My anti spam arsenal consists of Postfix anti-spam measures which reject obvious spam at the SMTP level and SpamAssassin via amavisd-new, which scans mail that was accepted for delivery. The latter consists of network tests (Razor, Pyzor), Bayes statistical analysis, FuzzyOcr for the image spam and some custom pattern matching rules by me.

After SA is done analyzing and tagging a message, it hands it back to Postfix, which then hands it to Cyrus for final delivery. Cyrus IMAP provides a powerful Sieve filtering interface, which I use to sort mail into my IMAP folders. My Sieve filter sorts spam over a certain threshold into the SpamCaught folder, while marking message with really high scores as read, so I don't see them, the low scoring stuff I like to review and manually move any false positives to HamCaught folder and any false negatives to SpamMissed folder, which my nightly Bayes train script scans and learns from.

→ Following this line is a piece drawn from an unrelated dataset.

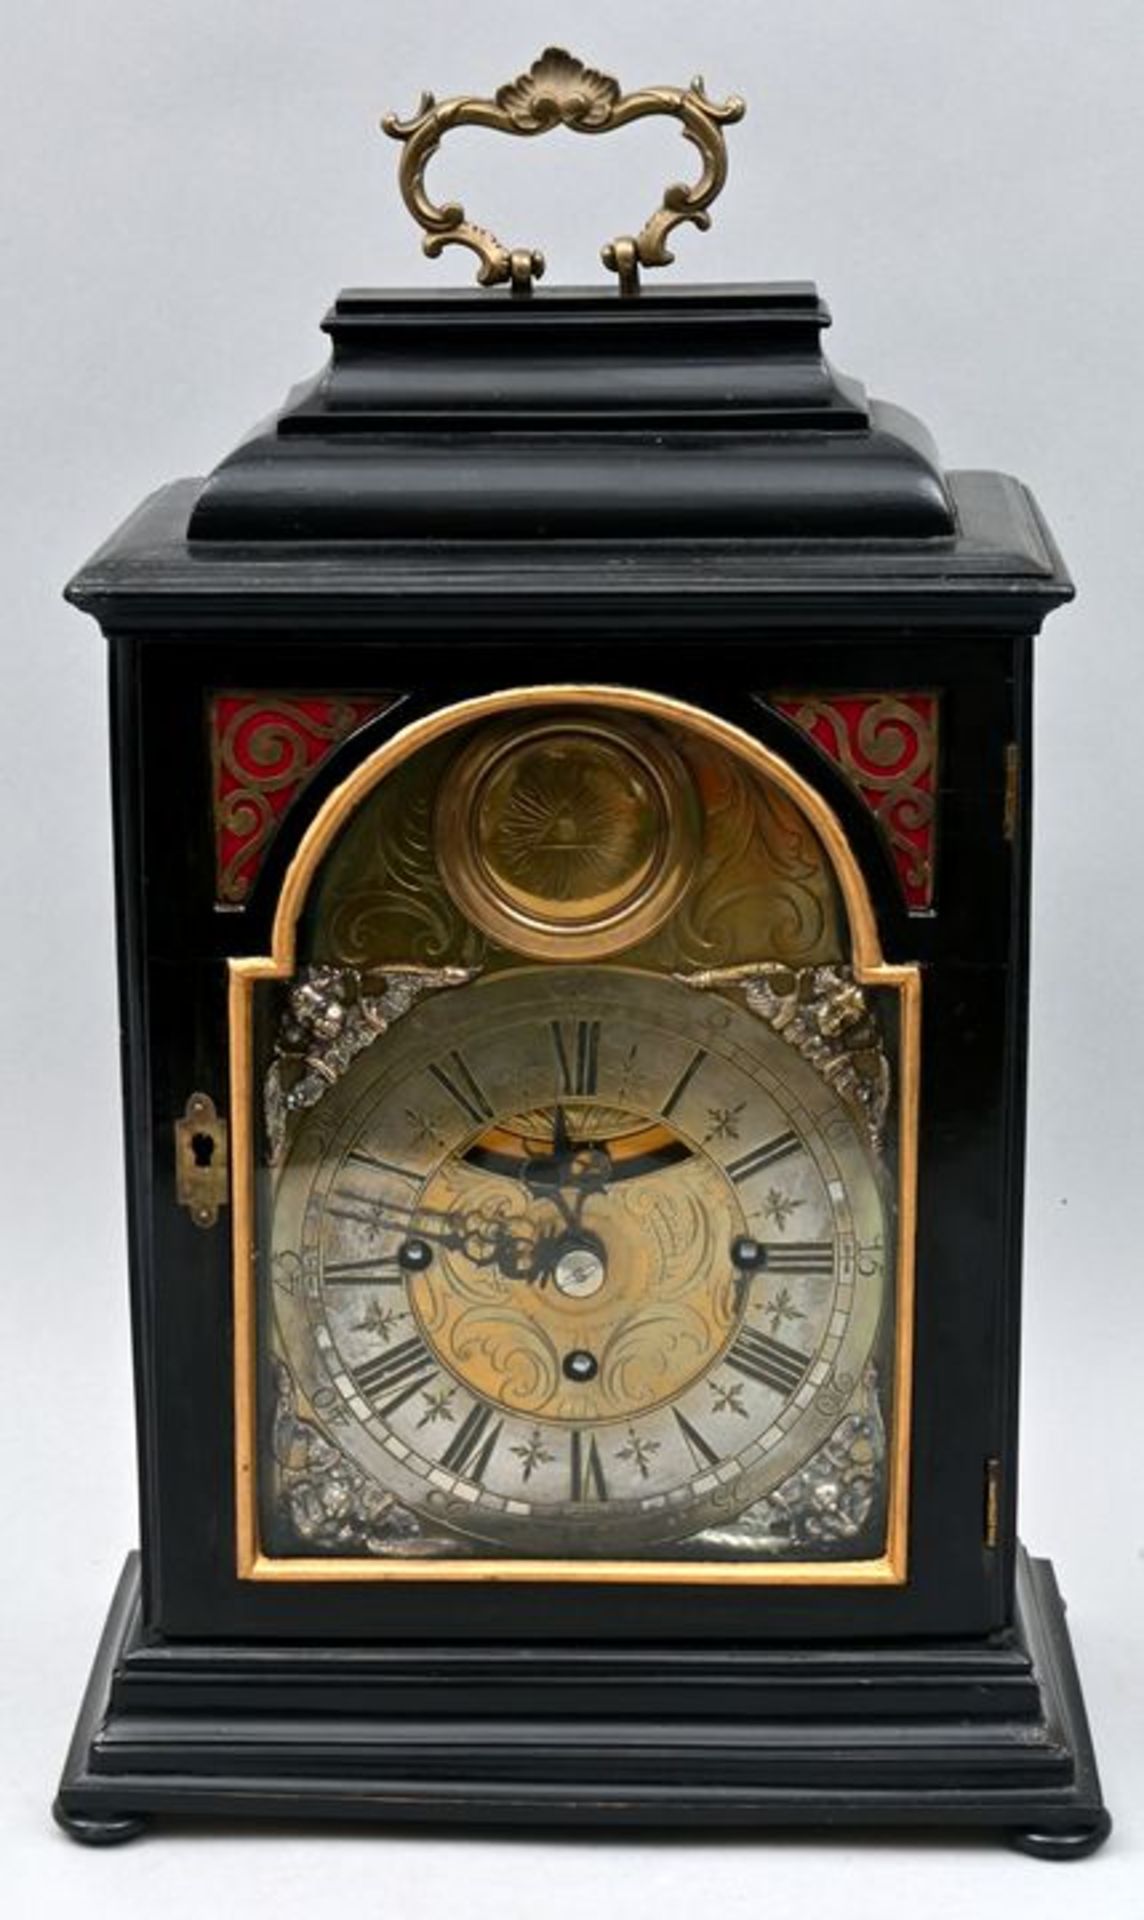 906 Stockuhr, Holz, Freimaurer/ bracket clock

The spam stats script runs on the mail server (same Debian box runs Postfix and Cyrus), and very simply loops through my IMAP folders counting messages in the Inbox (ham), SpamCaught (correctly identified spam), SpamMissed (false negatives), HamCaught (false positives) and also parses mail logs to get a total for messages rejected by Postfix. It then does some basic bash arithmetic and calls bc to calculate percentages.

And here's the script:

#!/bin/bash
# Get some spam numbers
# Usage: spam-stats-month Oct 2009

set -e

PATH=/usr/bin:/bin:/usr/local/bin; export PATH

  # Verify input
  if ([[ ! $1 =~ "\b[A-Z][a-z]{2}\b" ]]) || ([[ ! $2 =~ "\b[0-9]{4}\b" ]]); then
    echo -e 1>&2 "\n Usage error..\n Example: spam-stats-month Oct 2009\n"
    exit 127
  fi

# ----------------------------------------------------------------- #
# Convert text month input date format to numeric for use with "ls"
# (e.g. "Nov 2009" to "2009-11"")
case "$1" in
        Jan) nummon="01";;
        Feb) nummon="02";;
        Mar) nummon="03";;
        Apr) nummon="04";;
        May) nummon="05";;
        Jun) nummon="06";;
        Jul) nummon="07";;
        Aug) nummon="08";;
        Sep) nummon="09";;
        Oct) nummon="10";;
        Nov) nummon="11";;
        Dec) nummon="12";;
esac
# Construct numeric date
numdate=$2-$nummon

#1. Ham
cd /var/spool/cyrus/mail/domain/g/gd.org/a/user/ak/
Ham=$(ls -l *. | grep "$numdate" | wc -l)

#2. SpamRejected
file="/tmp/spam.stats.$1.rejected"

  if [ -f $file ]; then
    rm $file && touch $file
  else
    touch $file
  fi

  for f in $(ls -l /var/log/mail.log* | grep $numdate | awk '{print$NF}')
    do zgrep "postfix" $f | grep "reject:" | grep "^$1" | wc -l >> $file
  done

SpamR=$(awk '{s+=$0} END {print s}' $file)

#3. SpamCaught
cd /var/spool/cyrus/mail/domain/g/gd.org/a/user/ak/SpamCaught/
SpamC1=$(ls -l *. | grep "$numdate" | wc -l)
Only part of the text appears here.